**Work to be completed**
Please write out only the lines from the line with "Top down image" to the line with "GOCHIFIX 12-Line Self-Leveling", inclusive, exactly as they stand below, without the pictures.
** Exercise data follows **
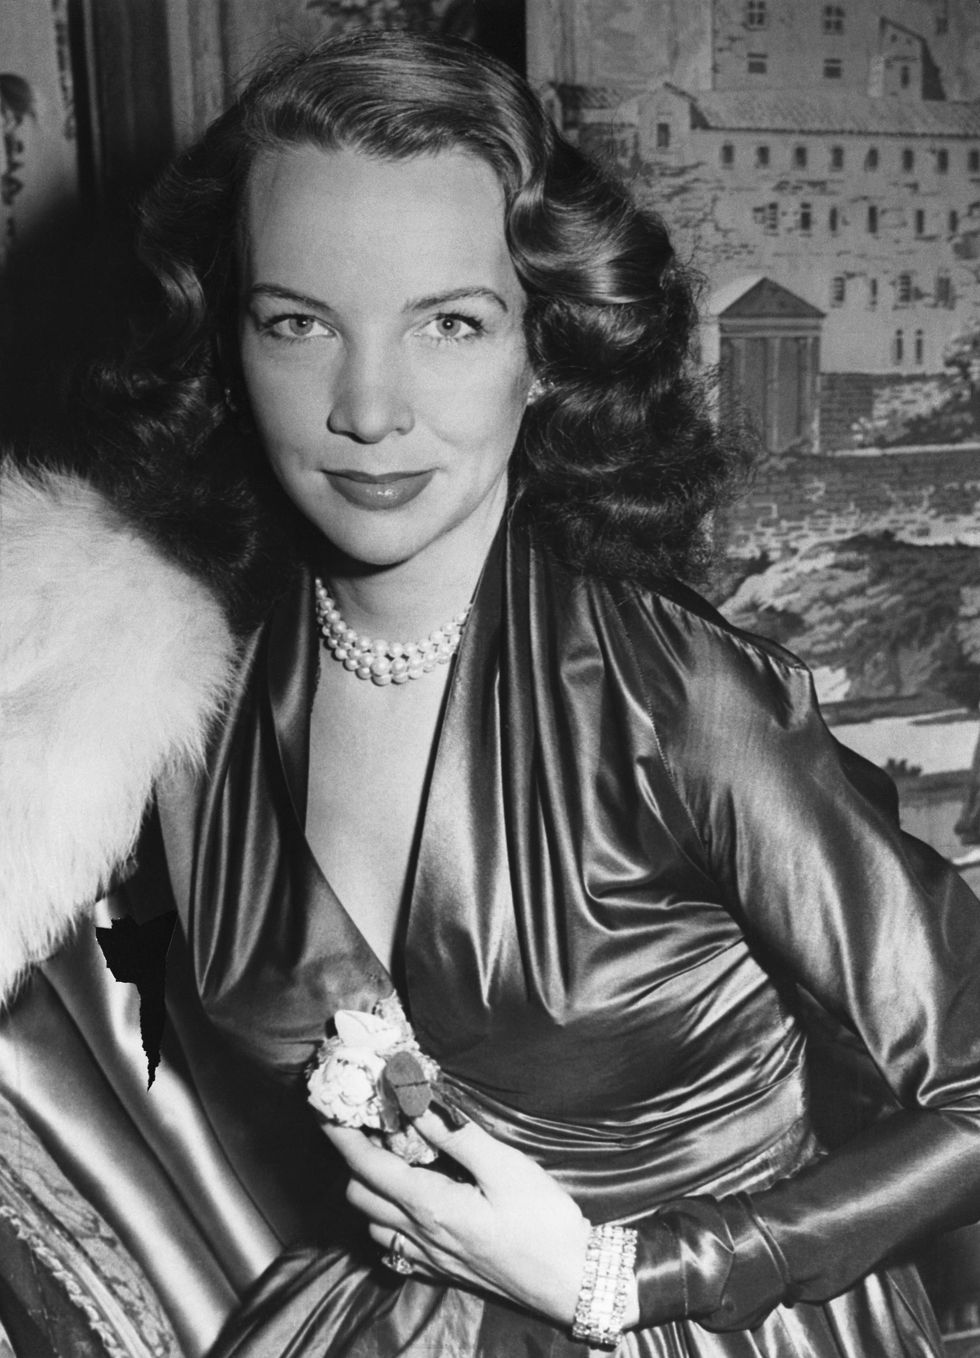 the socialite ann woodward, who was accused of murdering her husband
** End of Exercise data **
** Exercise data follows **
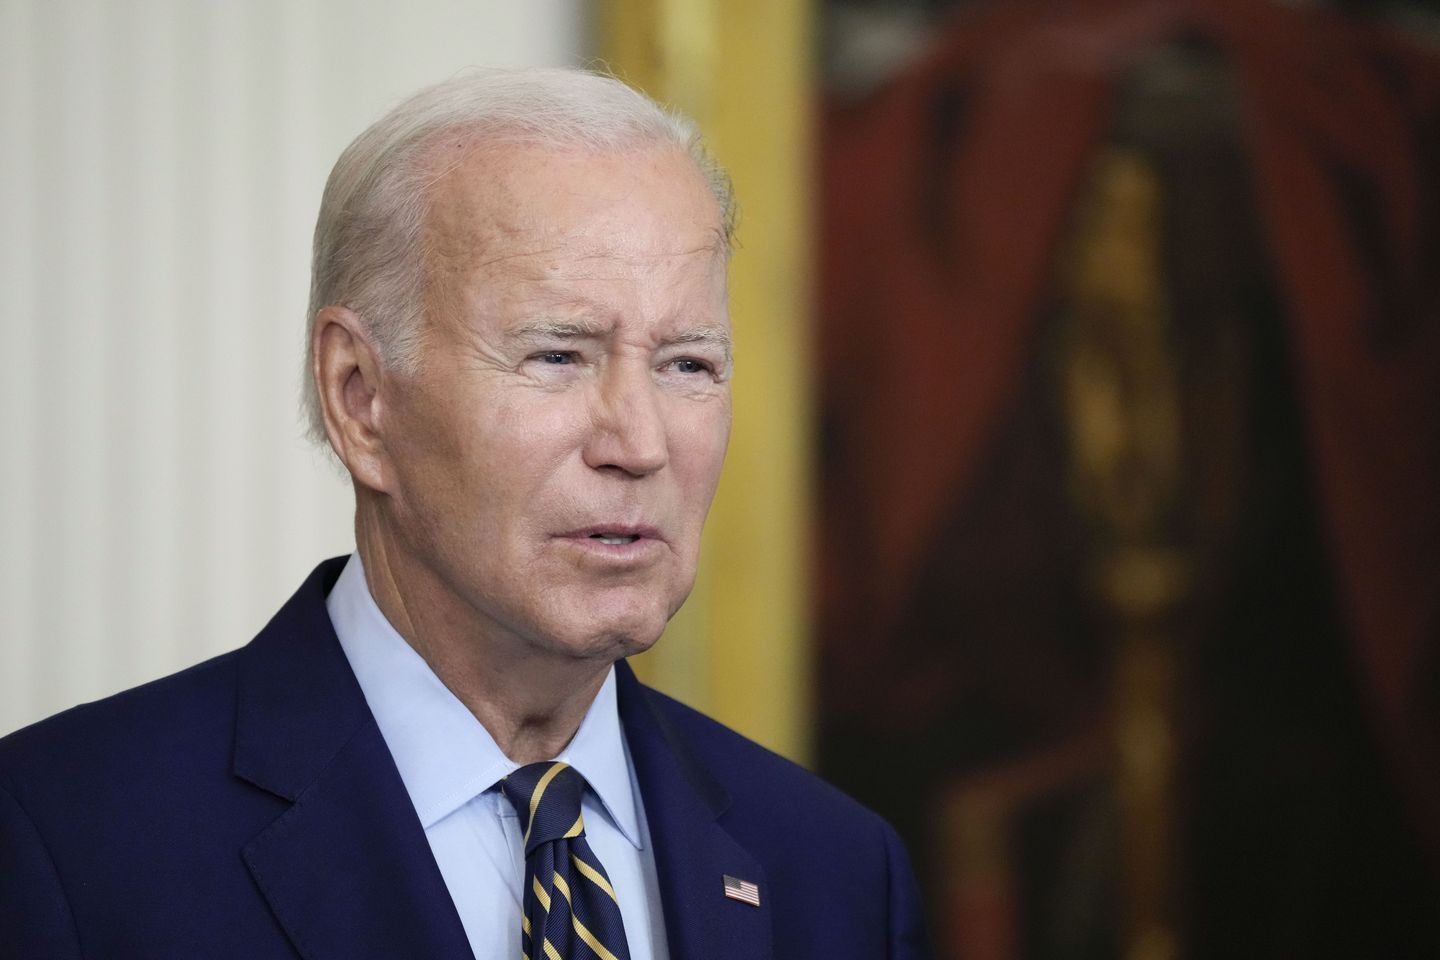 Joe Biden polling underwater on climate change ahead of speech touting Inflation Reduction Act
** End of Exercise data **
** Exercise data follows **
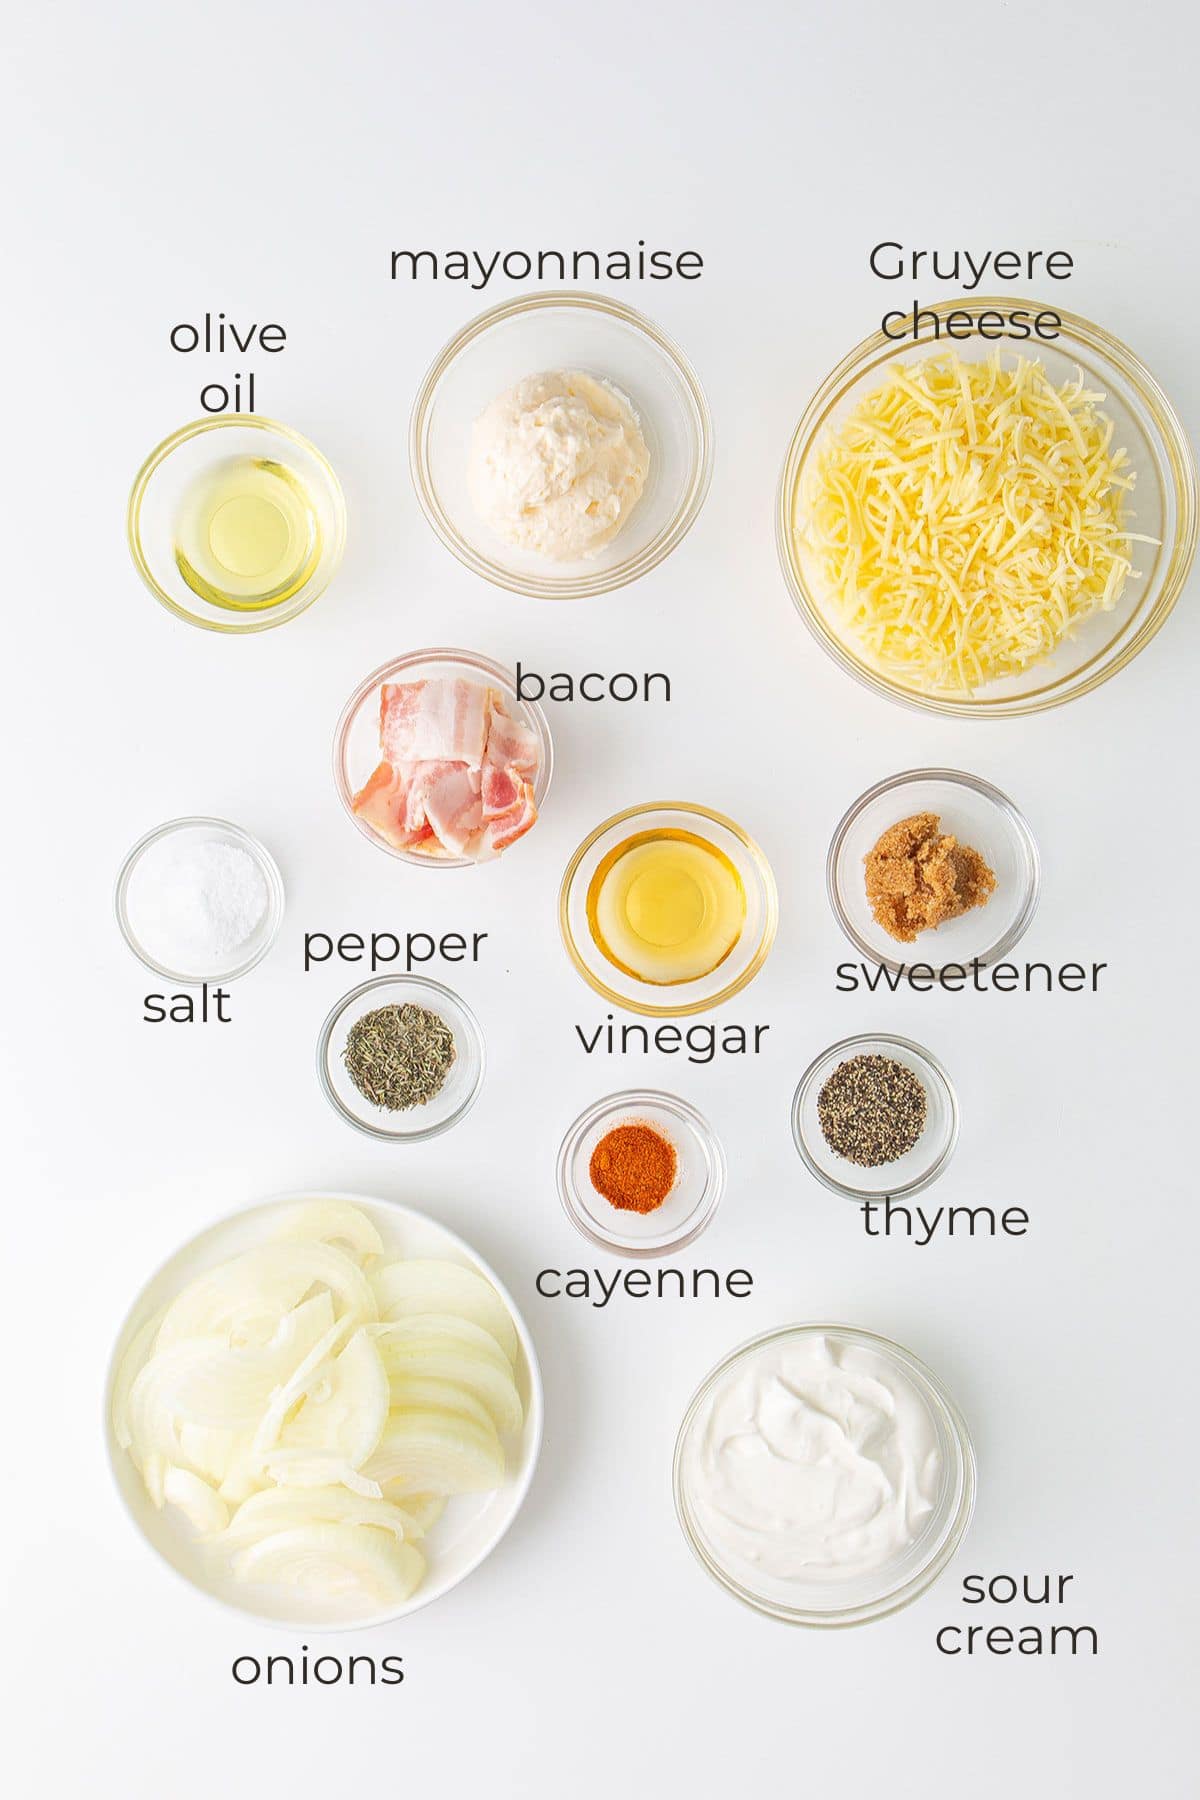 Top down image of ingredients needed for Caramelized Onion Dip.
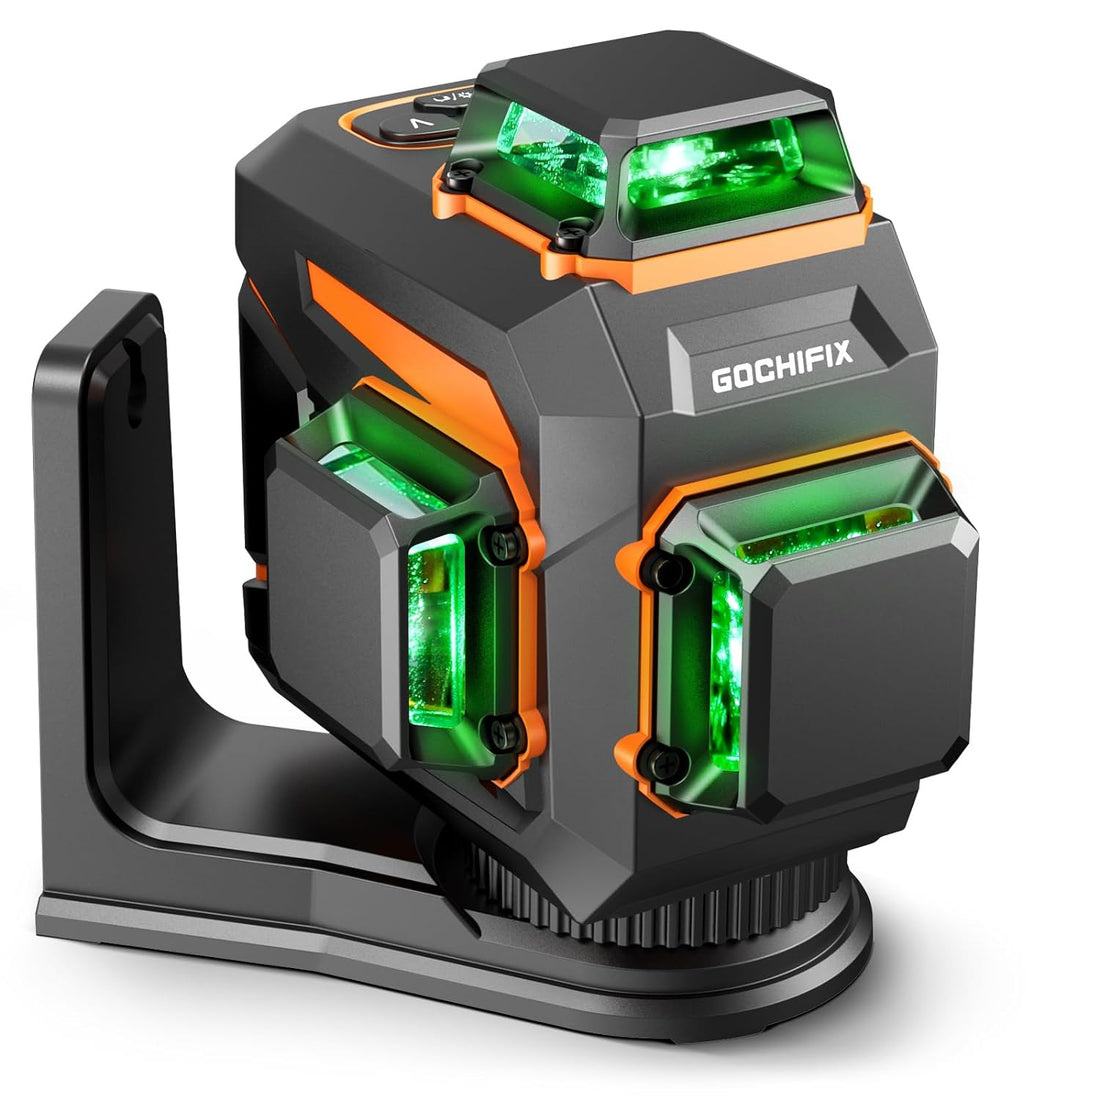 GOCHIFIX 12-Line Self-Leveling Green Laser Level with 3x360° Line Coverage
** End of Exercise data **
**Exercise solution**
 Top down image of ingredients needed for Caramelized Onion Dip.
 GOCHIFIX 12-Line Self-Leveling Green Laser Level with 3x360° Line Coverage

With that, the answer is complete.